April 30 (Bloomberg) -- U.K. house prices rose in April for a second month, according to Hometrack Ltd., which said gains may not be sustained as demand fails to keep up with supply.
Values rose 0.1 percent from March, when they increased 0.2 percent, the London-based property research company said in an e-mailed report today. An indicator of demand rose at half the pace seen in the previous month.
The property market received a temporary boost this year as first-time buyers rushed to take advantage of a tax holiday on some homes before it expired on March 24. Demand may be undermined by Britain’s return to recession and a continued squeeze on consumers from higher energy prices, Hometrack said.
“The short to medium-term outlook for prices hinges on the outlook for demand,” said Richard Donnell, director of research at Hometrack. “Conflicting reports over the strength of the economy and renewed fears over the prospects for the eurozone could over the coming months impact on buyer confidence.
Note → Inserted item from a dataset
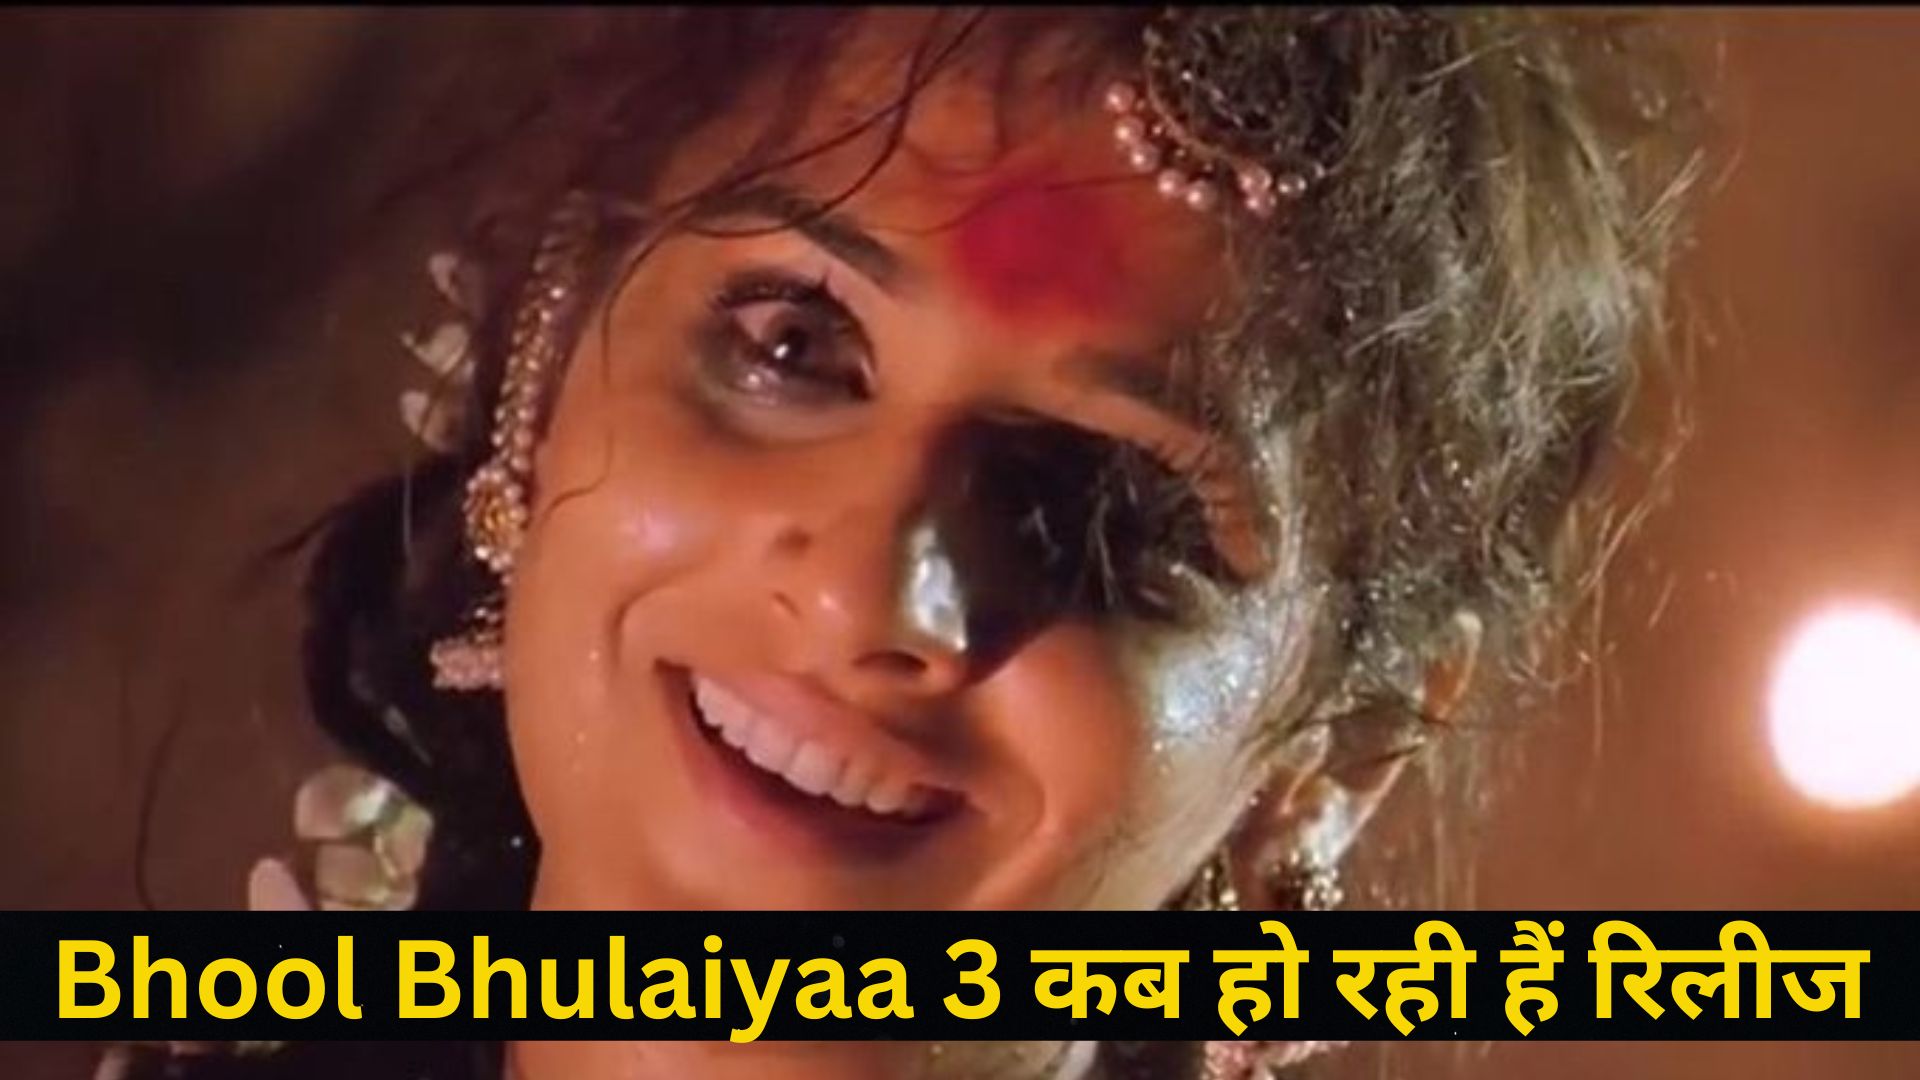 "Bhool Bhulaiyaa 3 "

As a result, we expect price rises to flatten out as we move into the summer.”
The number of new buyers registering with real-estate agents rose 2.1 percent in April, compared with gains of 4.4 percent in March and 18 percent in February, which was the biggest in five years. Hometrack said the impact of the ending of the stamp-duty exemption is “starting to dissipate.”
The supply of properties, meanwhile, rose by 4.8 percent, up from a 3.6 percent pace in March, taking the increase over the past three months to 19 percent, the report said.
House prices rose in four of 10 regions monitored by Hometrack in April, led by a 0.3 percent gain in London. The company said there remains a divide between the property market close to the U.K. capital and elsewhere in the country.